The survival of endodontically treated teeth depends on the apical status, tooth destruction, occlusal loading conditions, types and designs of posts. Current posts can be classified as cast posts, prefabricated metal posts and non-metal posts. Fiber posts exhibited elastic modulus similar to dentin, thus they were considered to distribute the force evenly in the restored tooth. In another aspect, previous studies reported that alveolar bone loss may lead to an increased risk for root fracture. The purpose of this study was to compare the crown fitness and fracture resistance of teeth restored with different posts and under the different alveolar bone conditions.

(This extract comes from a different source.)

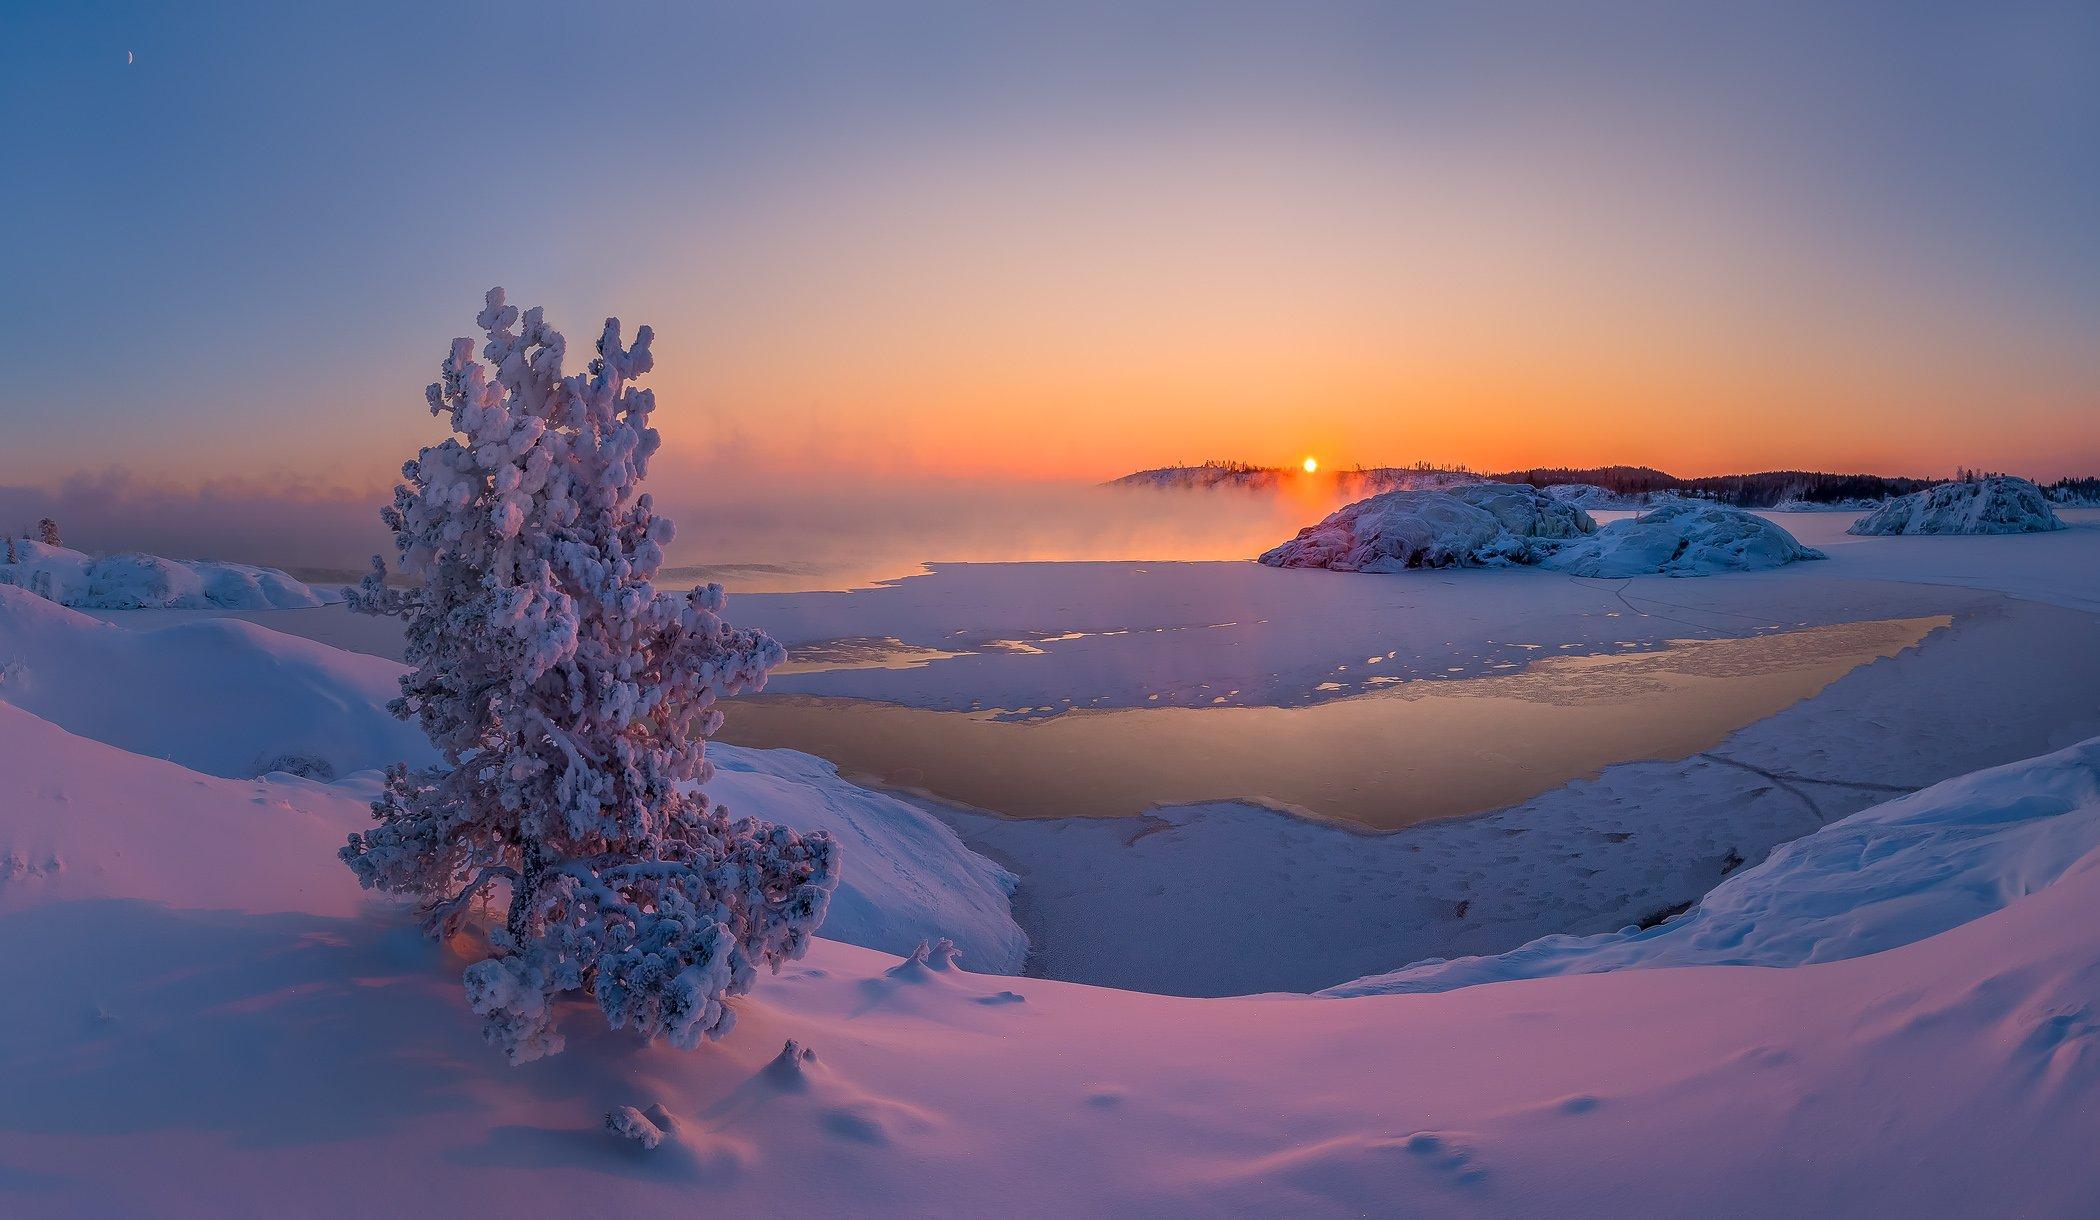 карелия, ладожское озеро, зима, мороз, шхеры, лёд, сосна, солнце, месяц, снег, остров., Лашков Фёдор

The posts chosen to be tested were a glass fiber post Parapost® Fiber Lux,, a titanium post Parapost XT with composite cores, and a cast post to restore teeth with two bone heights. 60 teeth with a single root were collected and divided into six groups (n=10). After endodontic treatments, the teeth were restored with post-core systems and metal crowns were cemented respectively. Subsequently the roots were covered with a layer of silicone to imitate the periodontium, the teeth were embedded in acrylic resin either 2 mm or 6 mm below the crown margin. The tooth displacements under a 100 N static force were recorded by a CCD camera and analyzed with a digital-image-correlation (DIC) method. These teeth were subjected to thermocycling and mechanical loading (TCML) test. Marginal adaptation was evaluated before and after TCML under a scanning electron microscope. At last, the teeth received an oblique load to examine the fracture strength and modes.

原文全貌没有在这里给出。